- Interactive map of Veavågen
- Coordinates: 59°17′41″N 5°13′07″E﻿ / ﻿59.29483°N 5.21874°E
- Country: Norway
- Region: Western Norway
- County: Rogaland
- District: Haugaland
- Municipality: Karmøy Municipality

Area
- • Total: 2.48 km^{2} (0.96 sq mi)
- Elevation: 25 m (82 ft)

Population (2014)
- • Total: 2,968
- • Density: 1,197/km^{2} (3,100/sq mi)
- Time zone: UTC+01:00 (CET)
- • Summer (DST): UTC+02:00 (CEST)
- Post Code: 4276 Veavågen

= Veavågen =

Village in Karmøy Municipality, Norway

Veavågen (historically Vedavågen) is an urban village in Karmøy Municipality in Rogaland county, Norway. It is located on the western shore of the island of Karmøy, about halfway between the towns of Kopervik and Åkrehamn. The Norwegian county road 854 runs through the east side of the village.

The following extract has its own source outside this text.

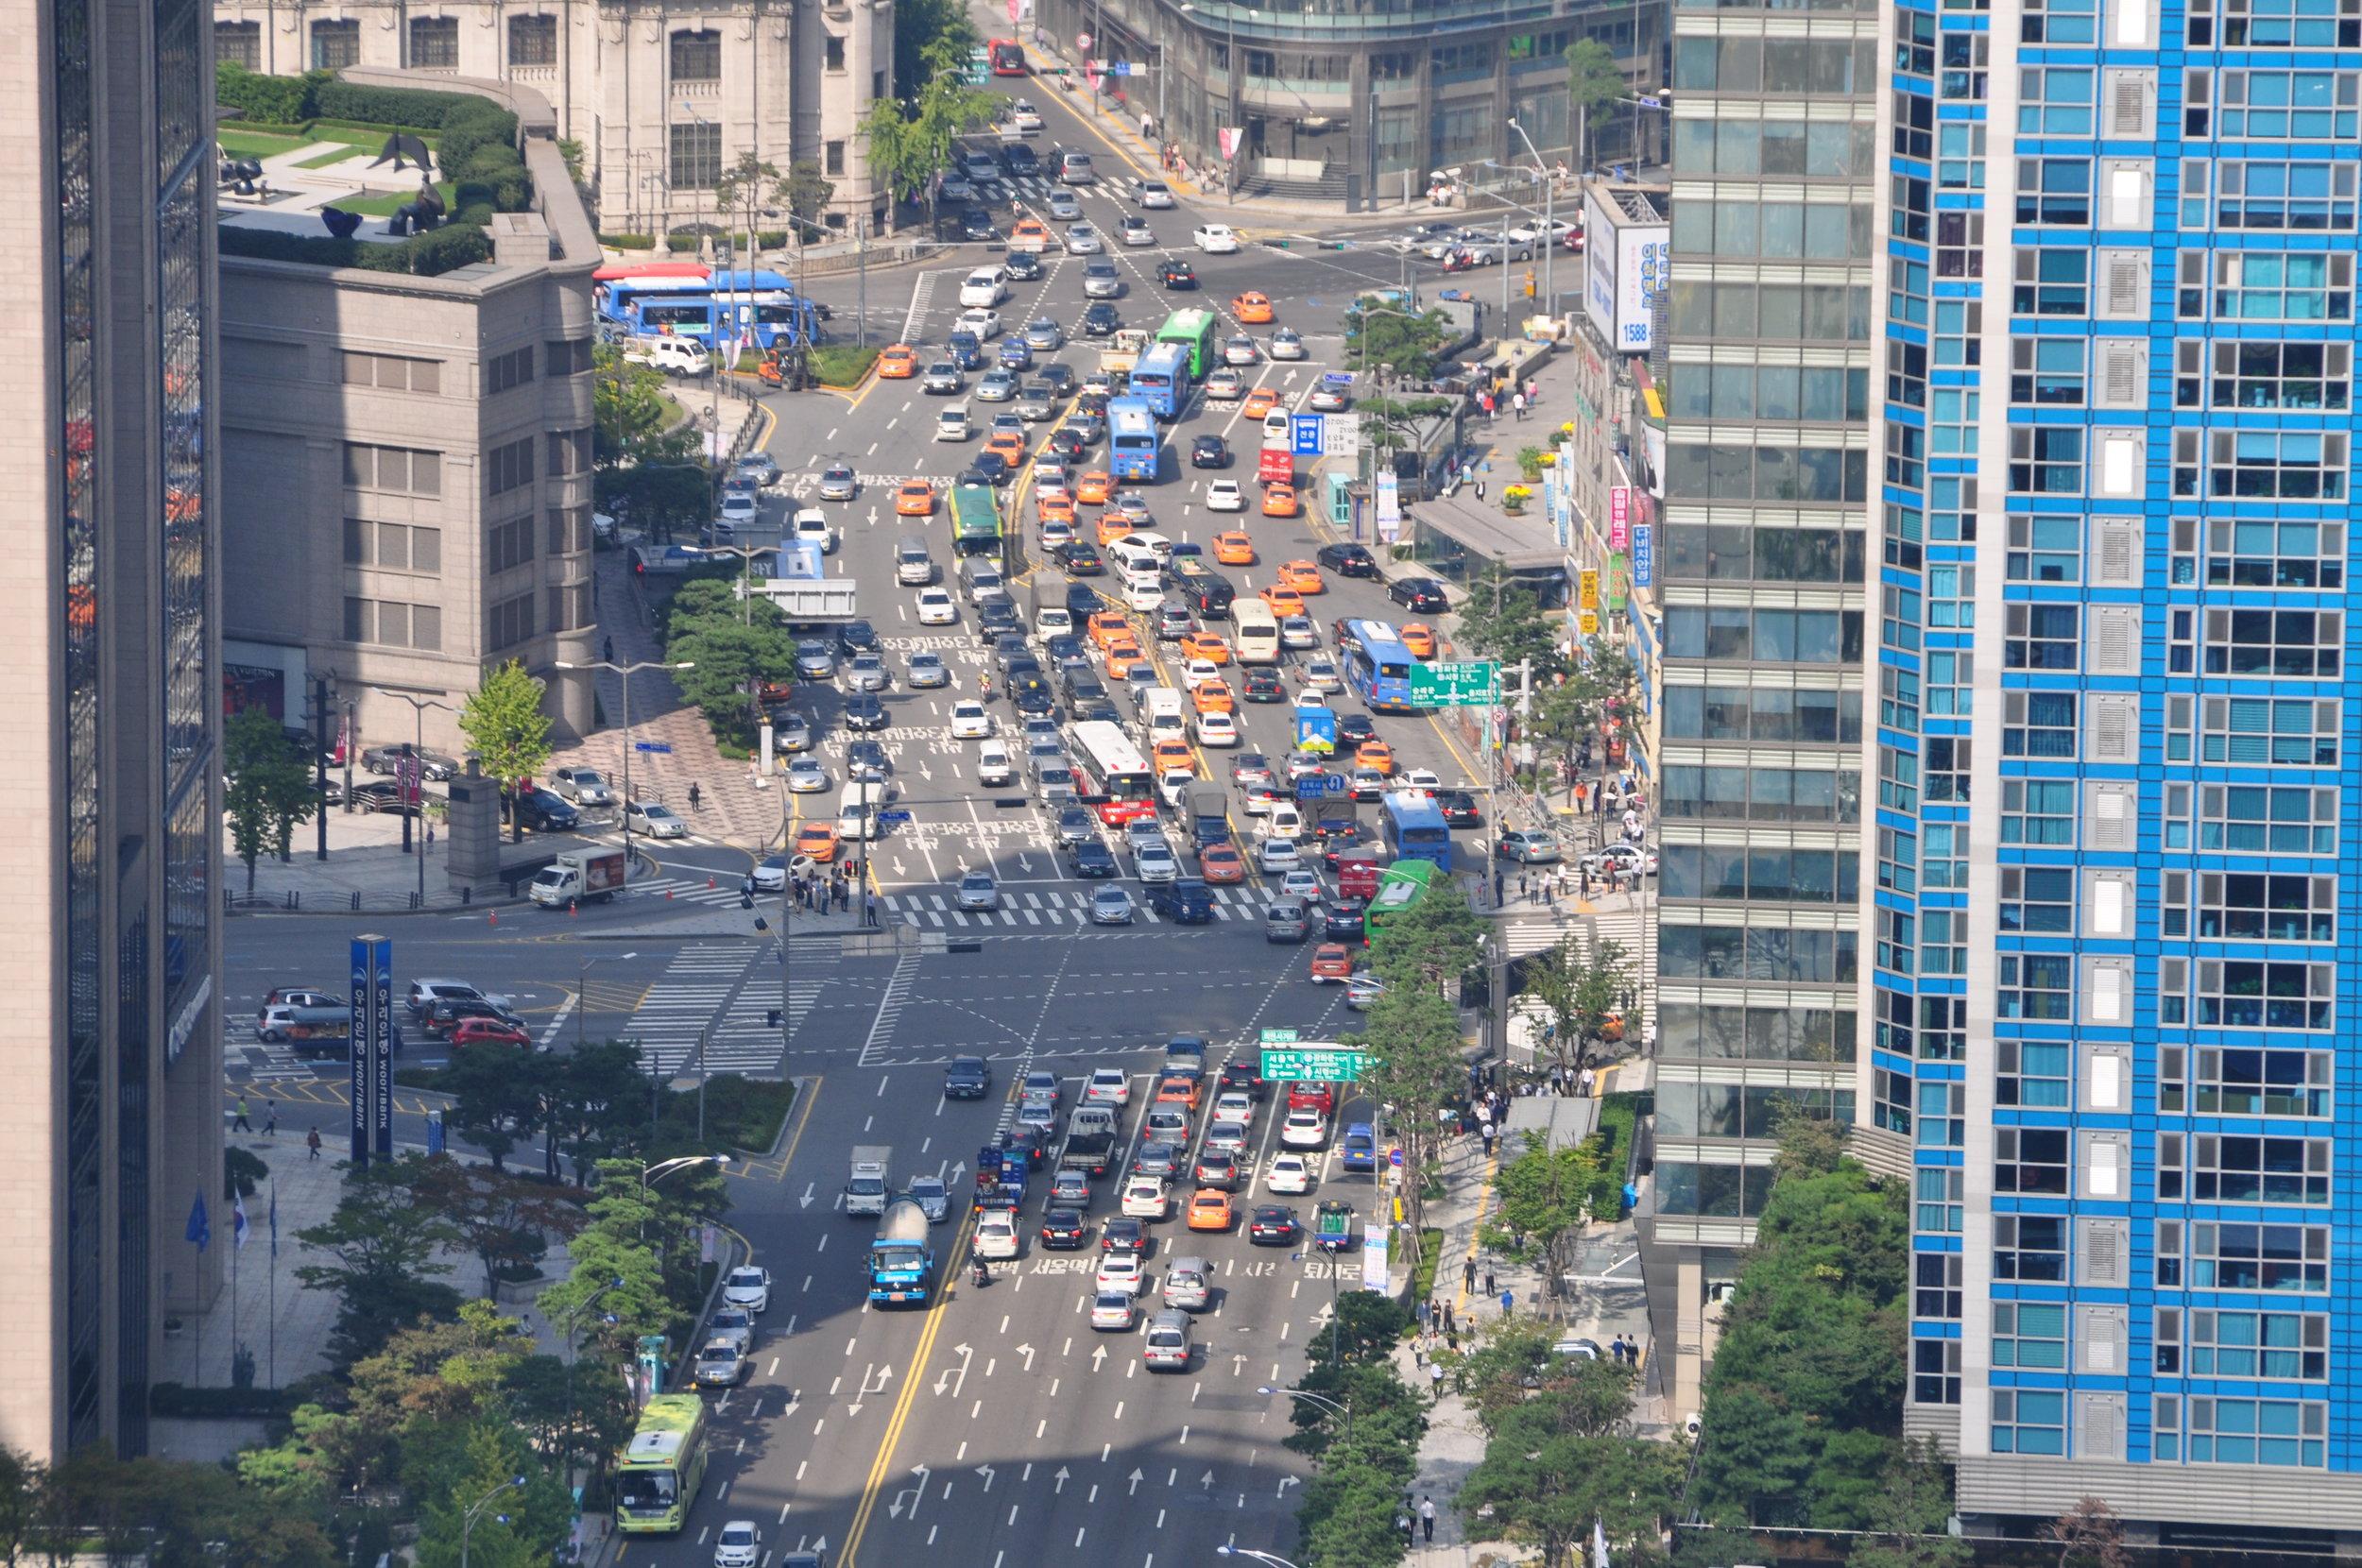 Trafikken kan være ganske kaotisk i Seoul - selv midt på dagen.
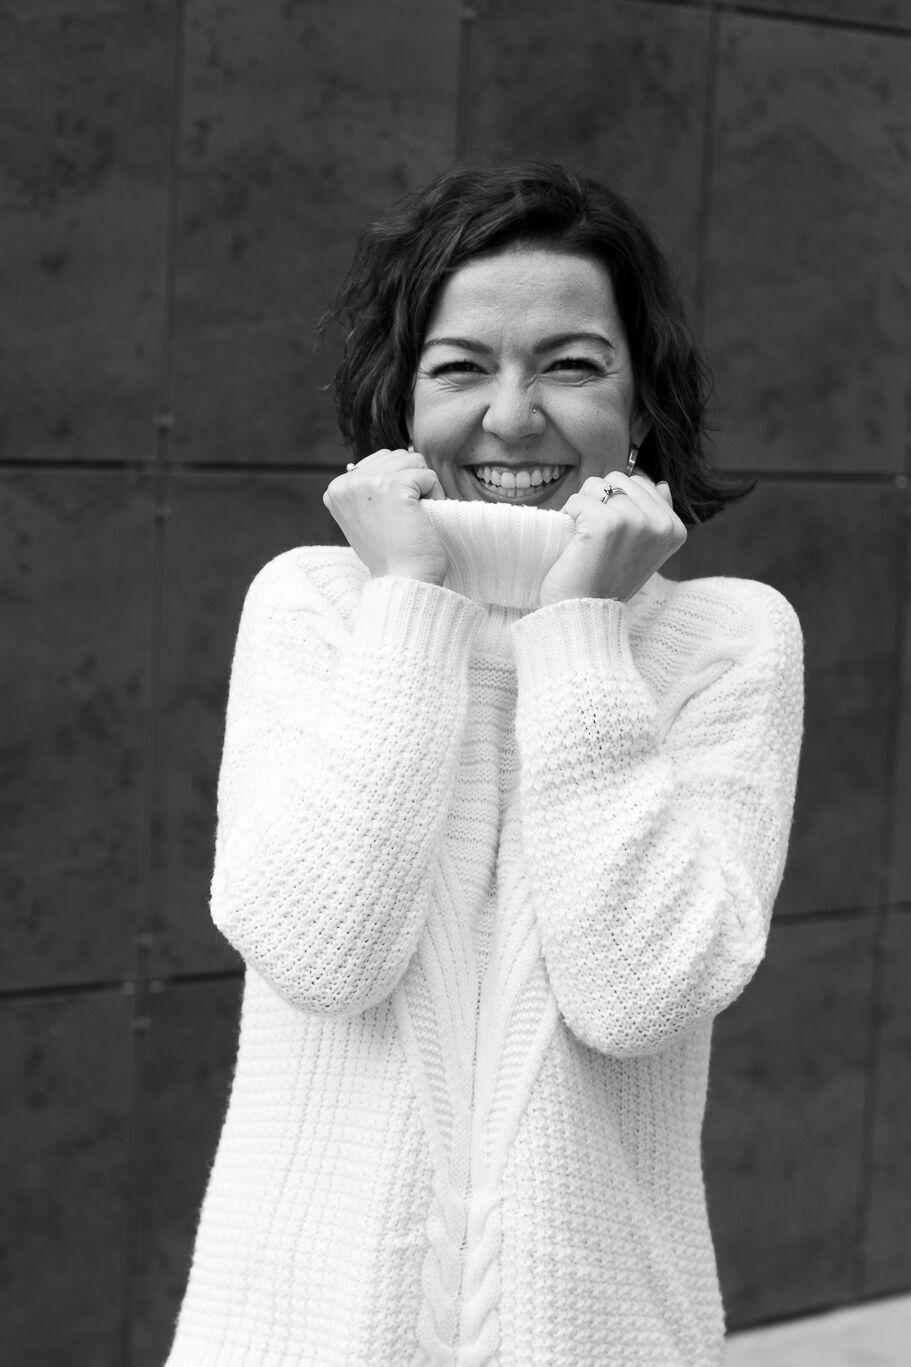 sonrisa bonita influencer

The economy of Veavågen is centered around fishing and related industries. The local sports club is named SK Vedavåg Karmøy. Vedavågen Church was built here in 2009 in a long church style. Storhall Karmøy, one of the biggest athlete halls in the district was built here in 2014-2015.

The 2.48 km2 village has a population (2014) of 2,968; giving it a population density of 1197 PD/km2. Since 2015, the population of the urban area of Veavågen has been included within the town of Åkrehamn and separate statistics are no longer tracked by Statistics Norway. Prior to that time it was a tettsted which is an urban area in Norway, although it has never been granted town status under Norwegian law.

==Name==
The name "Veavågen" is commonly shortened to "Vea". The name originates from one of the historical farms in the area, called "Vea" and vågen is the definite form of the Norwegian word for "bay", thus the bay of the farm Vea.

For several years, road signage and the postal service used the spelling "Vedavågen" and some of the locals used the spelling "Veavågen". On 25 November 2013, the municipal council of Karmøy Municipality declared that "Veavågen" was the proper spelling. The mailing areas associated with the village were changed to "Veavågen" effective 1 October 2014.